Этот случай случился осенью.
Вечером к егерю со своего мостика (примерно в двух километрах) прибежал охотник из деревни, весь белый от страха, и сбивчивым голосом показывал рукой в лес. Непонимающий егерь напоил его самогонкой, после чего услышал рассказ трезвого человека, подобный рассказам всех деревенских.
Куда и зачем шел под вечер уже не помнил. Подходя к переправе, мужчина увидел на бревнах мужика в закатанных по колено штанах и шляпе, стоящего спиной к нему. Рыбак — подумал селянин и спокойно стал подходить к неширокой переправе. Когда до рыбака оставалось метров пять, он обернулся. Тут только герой егерского рассказа и обомлел, узнав в нем умершего и похороненного лет пять назад односельчанина.
Продолжая двигаться автоматически, я сделал ещё несколько шагов, парализованный ужасом, словно прирос к земле возле мостка. Тот же человек улыбнулся, приветственно снял шляпу и странным образом ступал: колени поднимались неестественно высоко, а каждый удар по бревнам раздавался громко. Он подошёл совсем близко.
Остановившись, «покойник» завязал обычный разговор. Подшедший рассеянно невпопад отвечал ему и пытался успокоить себя мыслью, что это просто кто-то похожий на того человека. Но присмотревшись, вспоминая голос и манеры, опять к ужасу понял, что не ошибся. Всматриваясь в лицо, вдруг увидел торчащие из густой курчавой шевелюры маленькие пеньки рожек. Отводя взгляд и окончательно потеряв дар речи, бедолага тупо уставился на ноги. Их-то как раз и не было.
Из под закатанных штанов торчали покрытые шерстью мослы с коровьими копытами. Мужик заорав чем-то плохим голосом бросился бежать и к счастью для себя в направлении своей деревни, иначе где бы он остановился неизвестно, обратно бы точно не пошел и как, когда и в каком состоянии попал бы домой неизвестно. Что это было непонятно, но точно не белая горячка.
Егерь, конечно, ни во что подобное не верил, но кто-то или что-то точно встретил его там. Егерь заметил, что этот человек (большой любитель Гоголя), будучи несколько мнительным и трусоватым, возможно, увидел на вечернем мосту то, что хотел увидеть. Наверное, так и было, правда, больше этой дорогой он никогда не ходил. Я же впоследствии постоянно ходил по ней, всегда останавливался на замшелом мостке передохнуть, глядя на быстрое течение воды.
В последней истории рассказывалось о самом егере. Однажды весной, возвращаясь домой после обхода леса, Васильич подошел к ручью и увидел знакомого сельского мужика, сидящего на бревне, свесившего ноги и уставившегося на поток. Пройдя мимо, Васильич поздоровался с ним.

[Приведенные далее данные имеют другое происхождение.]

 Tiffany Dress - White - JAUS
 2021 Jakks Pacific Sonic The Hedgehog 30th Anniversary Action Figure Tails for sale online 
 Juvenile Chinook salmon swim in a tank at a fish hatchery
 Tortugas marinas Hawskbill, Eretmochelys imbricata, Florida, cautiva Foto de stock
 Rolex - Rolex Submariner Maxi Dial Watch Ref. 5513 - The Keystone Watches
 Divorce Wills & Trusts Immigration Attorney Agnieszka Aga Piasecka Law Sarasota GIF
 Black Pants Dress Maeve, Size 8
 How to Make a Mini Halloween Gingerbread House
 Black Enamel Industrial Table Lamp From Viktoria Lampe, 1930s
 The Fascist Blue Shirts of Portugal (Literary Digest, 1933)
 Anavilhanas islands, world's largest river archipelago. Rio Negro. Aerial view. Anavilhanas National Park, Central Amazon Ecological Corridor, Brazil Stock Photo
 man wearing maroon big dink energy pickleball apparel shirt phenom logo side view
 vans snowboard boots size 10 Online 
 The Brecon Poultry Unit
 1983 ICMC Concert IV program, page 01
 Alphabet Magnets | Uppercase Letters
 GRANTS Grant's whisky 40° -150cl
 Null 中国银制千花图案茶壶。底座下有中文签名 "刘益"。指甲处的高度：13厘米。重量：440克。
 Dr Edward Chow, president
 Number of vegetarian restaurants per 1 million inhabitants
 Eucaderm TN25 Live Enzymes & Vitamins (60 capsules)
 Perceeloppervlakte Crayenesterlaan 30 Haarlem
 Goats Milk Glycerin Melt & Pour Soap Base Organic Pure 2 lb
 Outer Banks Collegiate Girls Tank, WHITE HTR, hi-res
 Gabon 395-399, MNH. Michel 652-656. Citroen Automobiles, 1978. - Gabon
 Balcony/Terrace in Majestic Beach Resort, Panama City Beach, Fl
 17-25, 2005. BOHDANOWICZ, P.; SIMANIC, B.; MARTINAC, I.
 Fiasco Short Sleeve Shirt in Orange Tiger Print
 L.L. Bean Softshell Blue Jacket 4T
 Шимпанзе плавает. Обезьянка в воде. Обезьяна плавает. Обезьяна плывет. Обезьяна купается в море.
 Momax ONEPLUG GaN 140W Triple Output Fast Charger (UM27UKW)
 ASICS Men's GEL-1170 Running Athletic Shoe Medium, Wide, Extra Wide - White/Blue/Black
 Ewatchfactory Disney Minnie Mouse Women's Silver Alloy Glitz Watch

В ответ мужчина взглянул на него мимоходом, грустно кивнул и вернулся к своей работе. Его руки, сложенные в локтях и лежащие на коленях, заметно дрожали. Не останавливаясь, усталый егерь двинулся дальше, но мысль о том, что здесь не так, преследовала его всю дорогу. Все стало понятно, когда он добрался до деревни, которая была напугана.
Этот мужчина в порыве ревности или по другой причине несколько часов назад топором убил жену и соседа в своем доме, изуродовав их до неузнаваемости. Васильичу пришлось идти на мост с участковым. Больше никто его не видел. Неизвестно, прыгнул ли он с моста или ушел куда-то. Никто не знает, кто встретится тебе за новым жизненным поворотом.
Остановившись там на перекур, вспомнил описанное. Тревожная, мистическая и драматическая — все встречи произошли в одном месте! Почему? Ответ нашёлся быстро. Просто в тех глухих местах через заболоченные ручьи нет других путей. Тропинок к переправе может быть несколько, да вот мостик один! Так же видимо и в жизни разные дорожки приводят к одному перекрестку, одни короче, а другие длиннее.
В этом пустынном болоте ощущался настоящий секрет.